THIS DATASET HAS BEEN SUPERSEDED by Post Chernobyl surveys of radiocaesium in soil, vegetation, wildlife and fungi in Great Britain
If you need access to this archived version, please contact the EIDC
Please note - this dataset is not current. For the most recent version, please search for the dataset titled 'Post Chernobyl surveys of radiocaesium in soil, vegetation, wildlife and fungi in Great Britain'. Data comprise radiocaesium concentrations in soil, vegetation, wildlife and fungi analysed from samples collected from throughout Great Britain after the 1986 Chernobyl accident by the Centre for Ecology and Hydrology (CEH), formerly the Institute of Terrestrial Ecology (ITE). National level vegetation surveys were conducted in May 1986, October 1986 and Spring 1987. More intensive surveys of vegetation (grass and heather) and wildlife (grouse, fox, etc.) in restricted areas were carried out in Cumbria, Wales and North Yorkshire in 1989, 1990, 1991 and 1993. Surveys of fungi were carried out between 1994 and 1997. The data are suitable for interpolation to create spatially variable surfaces suitable for input into models.

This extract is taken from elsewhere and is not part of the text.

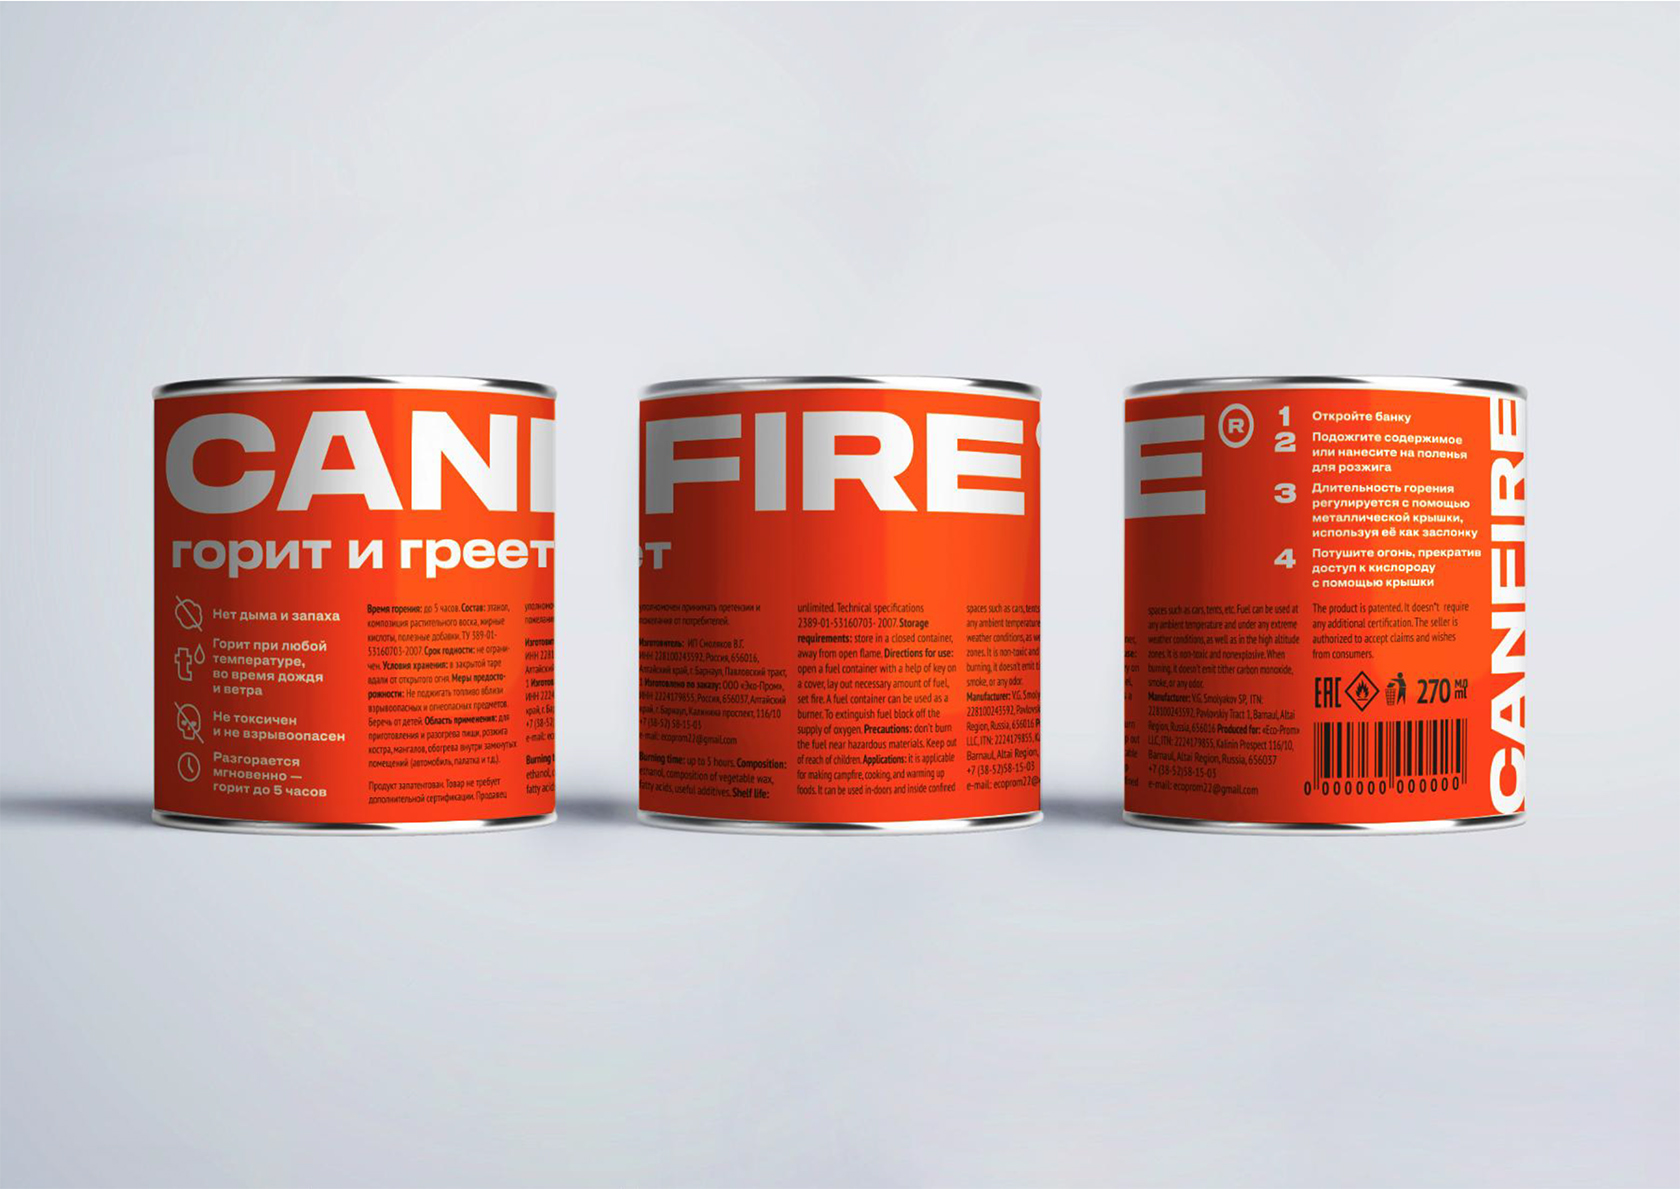 CANFIRE – Innovative Fire Source Brand

Publication date: 2014-09-25
This dataset has been superseded by an updated version due to formatting requirements of the Data Journal Earth System Science Data (ESSD). Vegetation was clipped from 1 metre squared quadrats to a height of 1 centimetre above ground level. Samples were dried at 80 degrees centigrade, weighed, ground and counted in plastic containers (130 millilitre) on a NaI(T1) detector to determine the radiocaesium activity. The most active samples were recounted on a high resolution germanium detector. Soil type was noted at each site (Soil survey 1983). Soil samples were allocated to a series of textural categories (Clay (particles of less than 2 m in diameter); Silt (particles of 2-40 micron diameter); Sand (particles of 50 micron -2millimetre diameter); Organic (humified plant material); Loam (significant quantities of material from 3 or more categories). Soil pH was determined using an antimony electrode pH meter. Animal samples consisted of necks and rumen contents from 70 red deer (Cervus elaphus), whole bodies of three species of lagomorphs (25 rabbits (Oryctolagus cuniculus) and 2 black hares (Lepus capensis), two species of grouse (13 red grouse (Lagopus lagopus), 4 black game (Tetrao tetrix), and 22 foxes (Vulpes vulpes) totalling 141 flesh and 94 gut samples. Samples of flesh were removed from the neck of the deer, from the legs and back of the hares, rabbits and foxes, and from the breast muscle of the grouse. These were weighed fresh and placed in standard counting containers which were kept in a deep freeze until required for analysis. Each sample was thawed for 24 hours prior to counting. Samples were analysed by high resolution gamma spectrometry using either hyperpure germanium or germanium lithium detectors with relative efficiencies of 20 to 25 percent. Counting times varied between 25k to 80k seconds. Detectors were calibrated. The column headings for Easting, Northing and Sampling_date' in dataset 4 are labelled incorrectly. The correct order should be column C Sampling_date, column D Easting, column E Northing.